Nuclear mushroom cloud of Fat Man Source: USAAF Photographer [Public domain]

But the thing is, I didn’t say “Atom Bomb cloud”–it’s just that you made the visual connection yourself, intuitively, and even though you’ve never seen an actual Atom Bomb explode. The connection you intuitively made is both in language (“mushroom cloud” has become a kind of shorthand phrase, over time) and, very importantly, in the prior ways you’ve been able to visualize the Bomb itself, from movies or documentaries or news photos.  In other words, the image is a “second hand” image–not something you’ve seen yourself, in person.

And when you think about it, many scenes we “visualize,” that we have in our heads, are second-hand. You may or may not have been to the Grand Canyon, or been in a war, or jumped out of an airplane with a parachute–but you can visualize those things because you’ve seen something that makes you feel you can. And when we say a writer or painter or film-maker makes something “realistic,” part of what we’re sometimes saying is that it conforms to what we’ve already got in our heads.  See the potential contradiction?

One additional consequence of that second-hand status, moreover, is that you often “see” the cloud from a certain perspective: in this case, from far away, or usually from above. For example, you’re not visualize the Atom Bomb, say, from the point of view of those people who were being bombed. And so, that’s the first important thing about a second-hand  visual image: it often “places” us through the use of perspective.  This is the way that paintings or photographs use what, in reading a print narrative, we call “point of view.” Any image, in other words, includes a position from which things are seen.
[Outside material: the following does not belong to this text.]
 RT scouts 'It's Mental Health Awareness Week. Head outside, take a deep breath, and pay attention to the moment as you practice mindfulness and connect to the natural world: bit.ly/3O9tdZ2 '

And so, once again, a “reality effect” is an effect of style–not the content, say, of looking at a bomb cloud but the way we’ve looked at it.

What, then, makes something “realistic”?

What you can learn from the above is that it isn’t only the “content” of an image that makes visual texts like paintings seem “realistic”–instead, it’s also a set of conventions that have developed over time to make viewers feel like they’re looking at something that is authentic, sometimes even that they are present to it. (Not always present–and that’s important. Would you want to be present to an Atom Bomb?)

For instance, think about how painters or photographers use perspective to create feeling of depth in a drawing–as here:

Perspective Drawing. Perspective Drawing Source: Archives of Pearson Scott Foresman, donated to the Wikimedia Foundation
Peasant Woman Resting’ by Léon Lhermitte, Cincinnati Art Museum. Source: Léon Augustin Lhermitte [Public domain], <a title=”Léon Augustin Lhermitte [Public domain], via Wikimedia Commons

Some part of us knows these are really flat, one dimensional things–pieces of paper with marks on them. But our mind “goes with” the conventions that create the illusion–again, the “effects.”  Some paintings intrinsically seem more “realistic” even though their contents are relatively the same.  Take, for instance, a pair of paintings of a rural, “peasant” woman.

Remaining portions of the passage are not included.